Temos visto esse formato produzir resultados que anos de apresentações comerciais convencionais não produziram. Empresas que resistiam à migração para nuvem durante meses decidiram avançar após uma sessão desse tipo. Não porque foram convencidas por argumentos técnicos, mas porque entenderam a lógica do negócio no idioma certo.

O Nordeste que está sendo construído agora

O MCTI prevê investir ao menos R$ 2,49 bilhões nas regiões Norte, Nordeste e Centro-Oeste até o fim de 2026 em infraestrutura de pesquisa e inovação. O Índice de Inovação dos Estados 2025 registrou que o Nordeste subiu de posição no ranking regional, com Ceará e Pernambuco na liderança, e um salto de 13 vezes no volume de propostas de investimentos para inovação industrial. O 5G, que cobria 352 municípios brasileiros em dezembro de 2023, já alcançava mais de 1.300 cidades em 2025, com programas específicos para o Nordeste.

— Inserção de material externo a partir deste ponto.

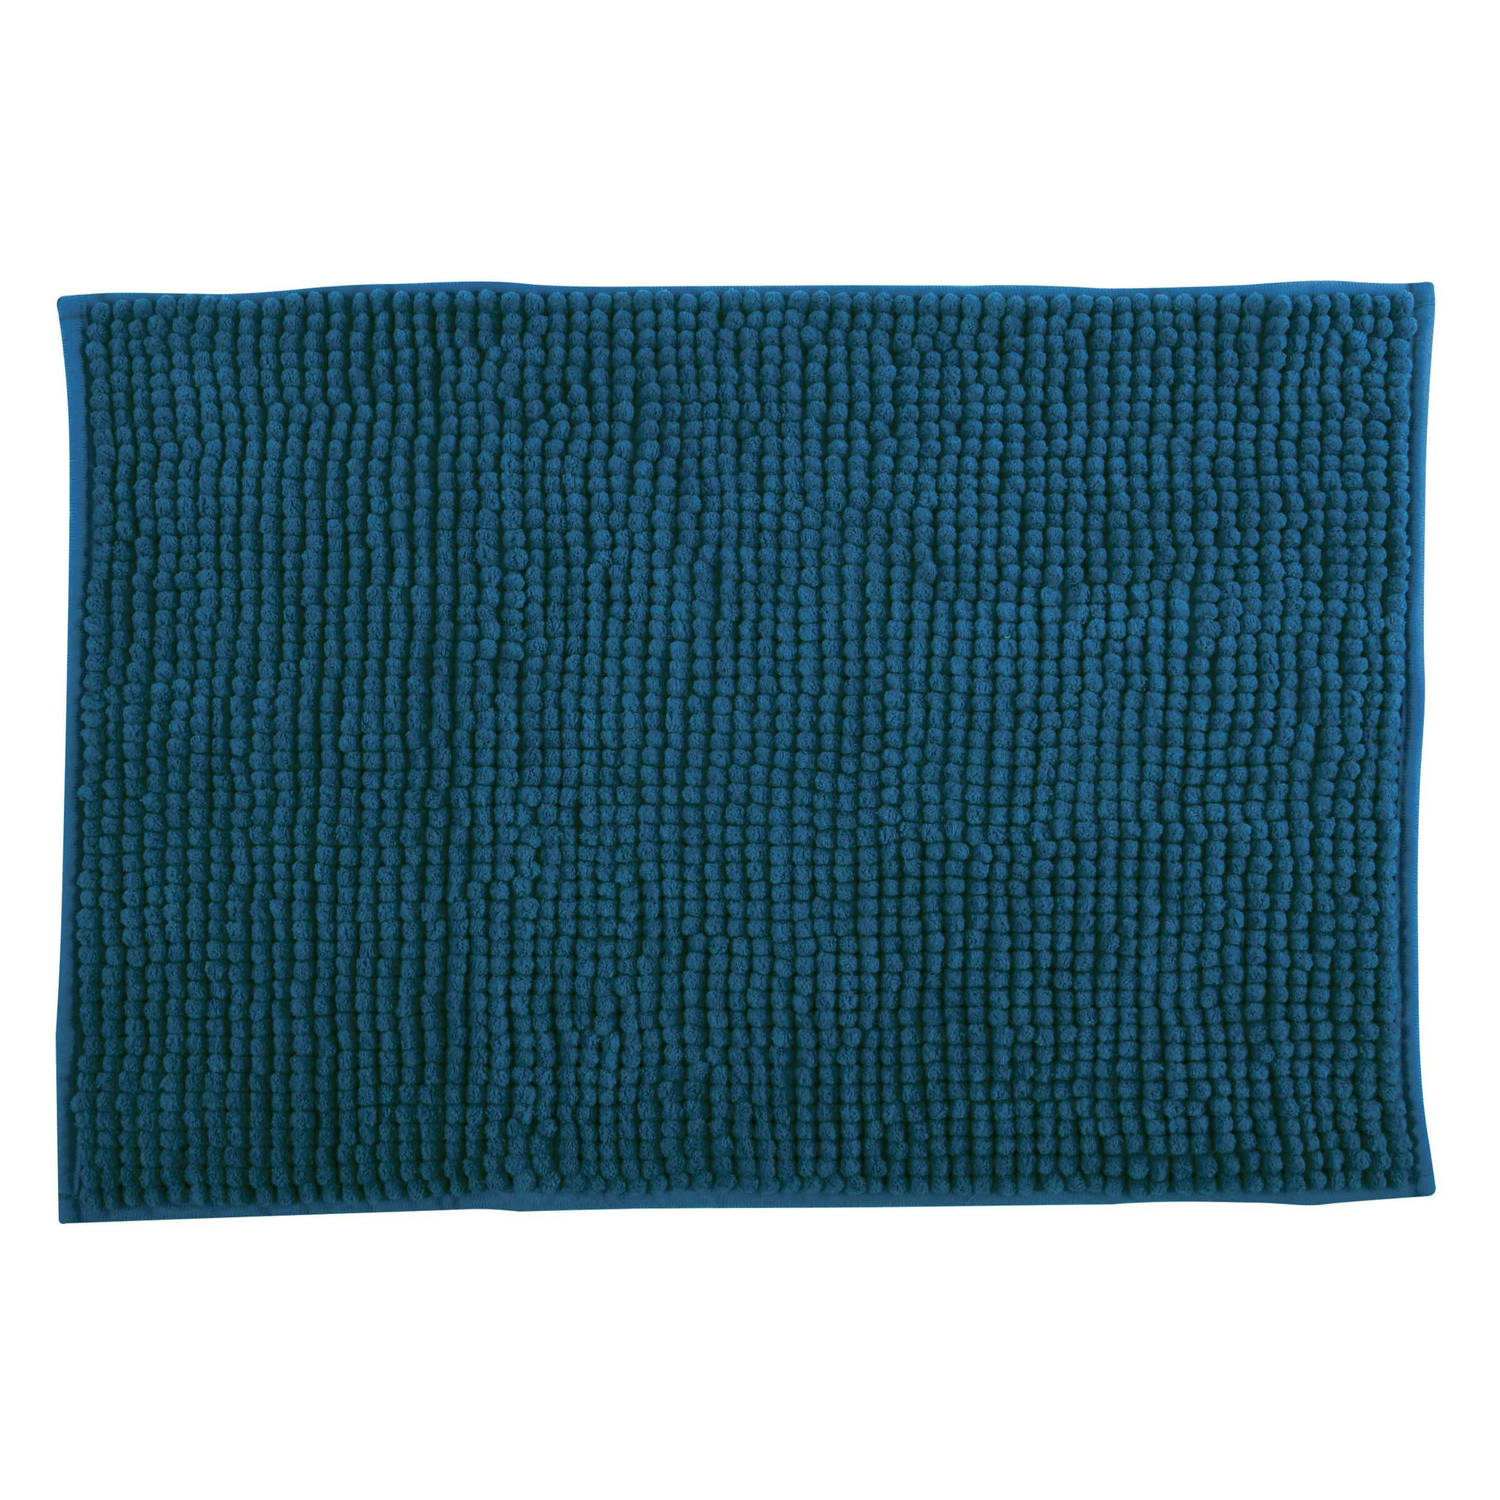 Msv Badkamerkleed-badmat Voor Op De Vloer Donkerblauw 60 X 90 Cm

Este não é o Nordeste atrasado do imaginário equivocado de parte do mercado nacional. Este é um território em aceleração, com base de infraestrutura sólida, energia renovável abundante, capital humano crescendo em qualidade e um tecido empresarial de PMEs que está — finalmente e de forma consistente, entendendo que tecnologia é o caminho mais curto entre onde estão e onde querem chegar.
Loredan Bernutty é CEO da Interactiva Networks do Brasil, Bernutty Technology e Casa Bernutty Co. Economista formado pela UnB/UniPiB | Unifor, atua há mais de 26 anos no mercado de TI do Nordeste brasileiro.